My name is Haoyan Duan , and I am a Chinese first-year BA Architecture student at the Manchester School of Architecture. I have a strong interest in site- and landscape-led design, and in the relationship between architecture, historical context and user experience. I aim to further develop my spatial thinking and technical skills throughout my studies, and to pursue an environmentally and socially responsible design approach. I am proficient in Photoshop and SketchUp, using them for visual communication, architectural collage and three-dimensional modelling to support design development.
Posted 3 Mar 2026 14:34
Session 6: Collaborator Meeting and Workshop Planning
This week’s session focused on our meeting with the collaborator and on clarifying how the upcoming workshop should be structured. It was a useful discussion that helped us move from vague ideas towards something more organised and realistic.
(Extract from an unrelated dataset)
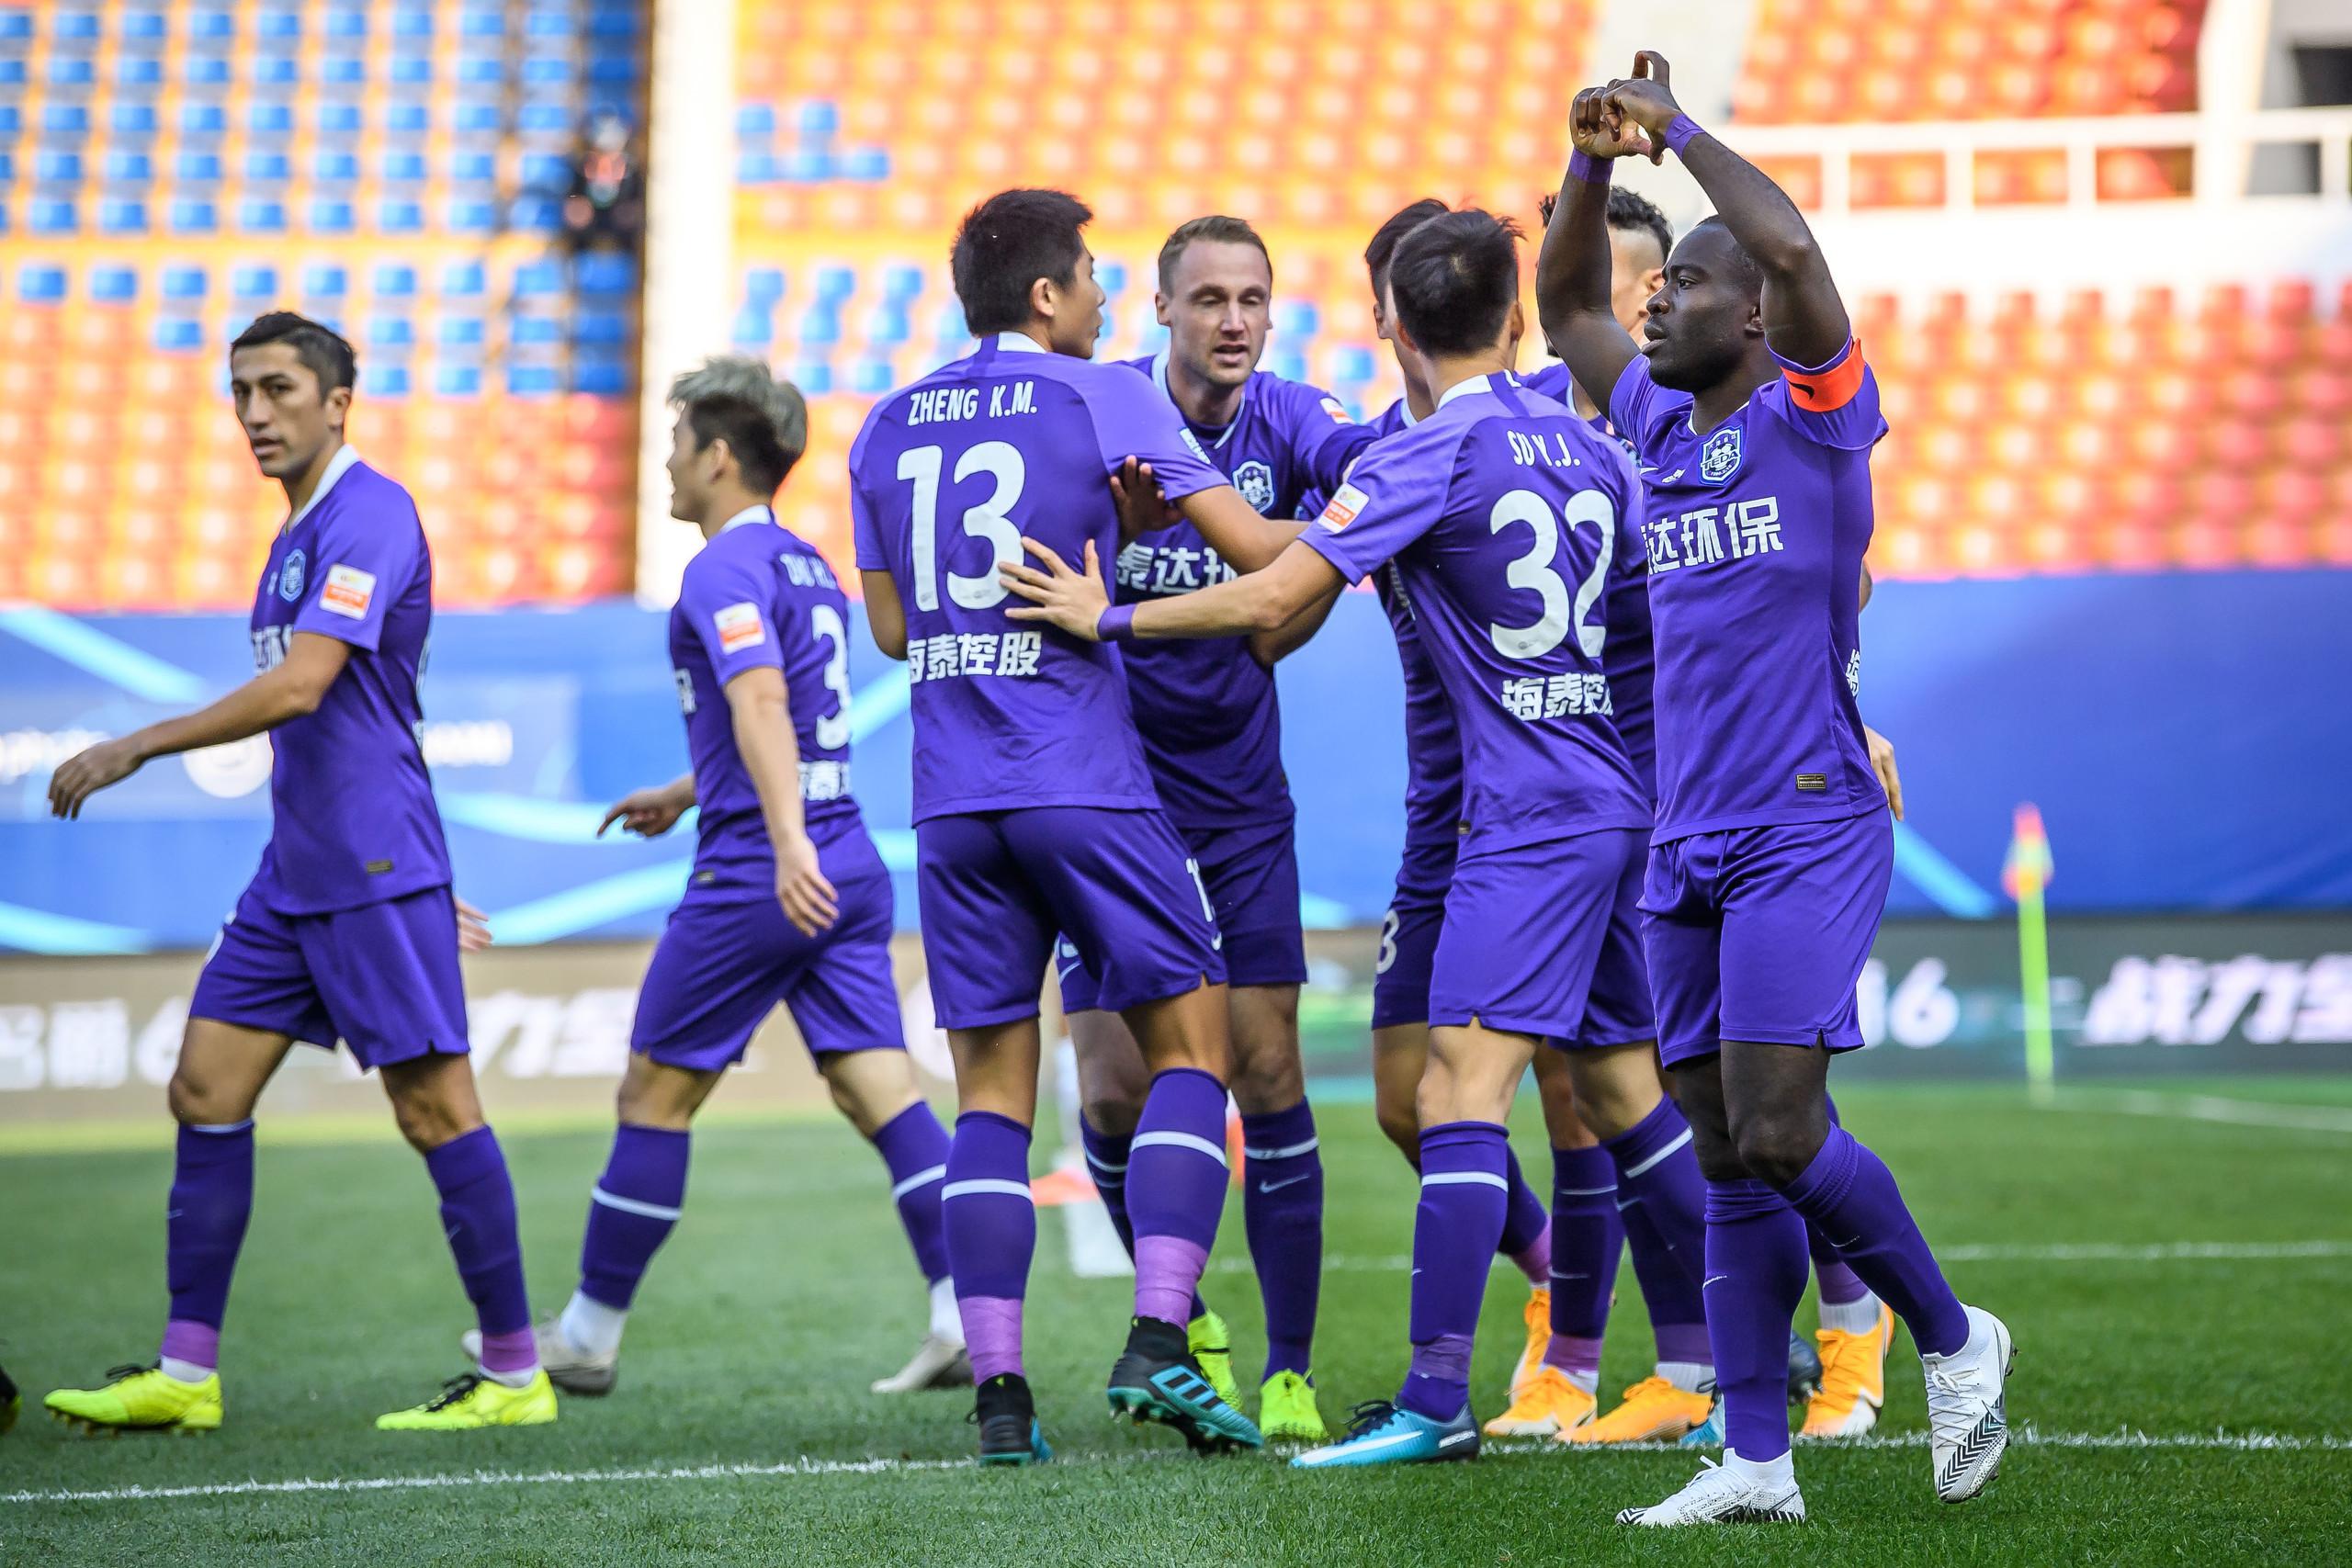 半场:郜林停球失误阿奇姆彭反击破门,泰达1-0深圳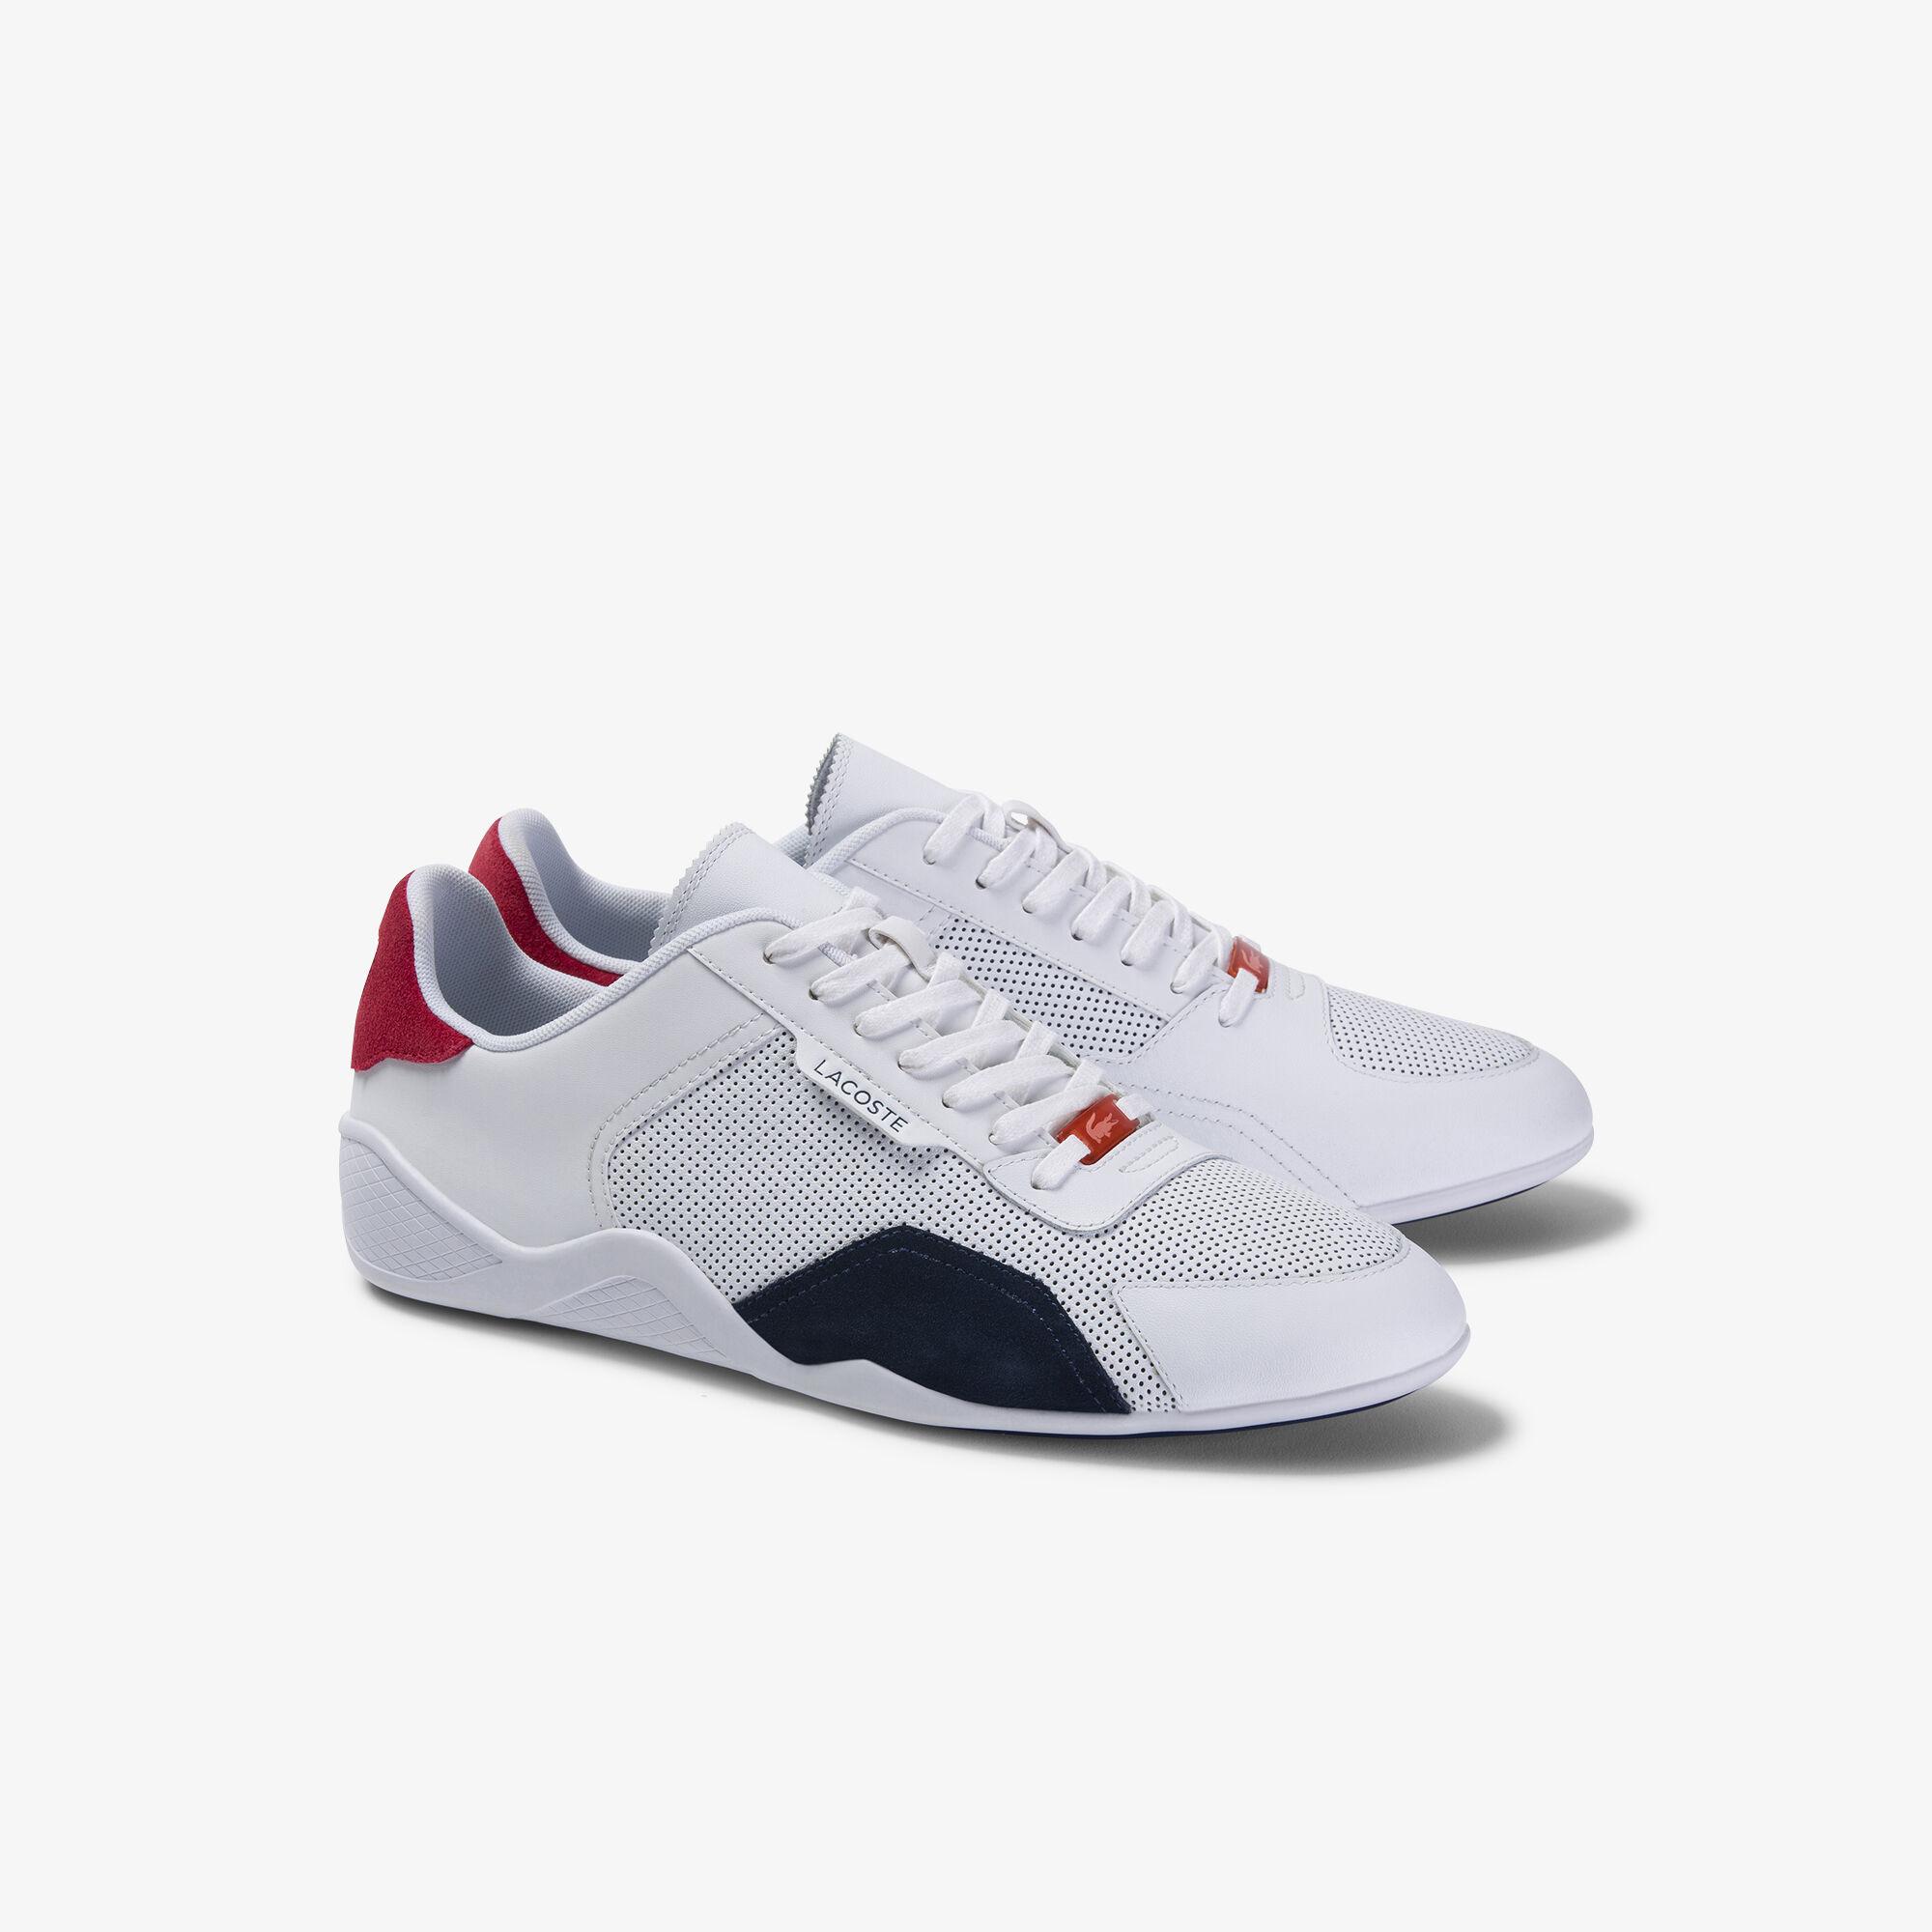 حذاء رياضي للرجال مصنوع من الجلد والمواد الصناعية من مجموعة Hapona

A key part of the conversation was about participation. While the ideal number would be around fifteen people, we discussed that the main requirement from the university’s point of view is to have at least eight participants over the age of eighteen. This brought ethics and safeguarding into the discussion, especially around how information will be collected, explained, and stored safely. It was a reminder that community engagement is not only about generating ideas, but also about making sure the process is responsible and well managed.
We also talked through how we want to present our ideas during the workshop. Rather than arriving with a fixed proposal, we agreed that it would be better to keep things open and allow participants to shape the direction of the project. Floor plans, site images and precedent references were suggested as useful tools to help people visualise possibilities and respond more easily. We also discussed print formats and how large the plans should be, thinking about how people could interact with them through stickers, notes or annotations.
One of the most interesting parts of the discussion was around the actual purpose of the space. Although the project is connected to a church setting, the conversation raised the possibility that the final outcome may be more community-focused than strictly religious. This felt important, as it showed that the brief is still developing and that the workshop will play a real role in defining what the project becomes.
By the end of the session, tasks were becoming clearer. Images and screenshots from the meeting were being shared, a written summary was planned, and responsibilities for the blog post and follow-up were assigned. Overall, this meeting helped us feel more prepared and more aligned as a group.
A productive and necessary step forward. Less about final answers, more about setting up the right questions.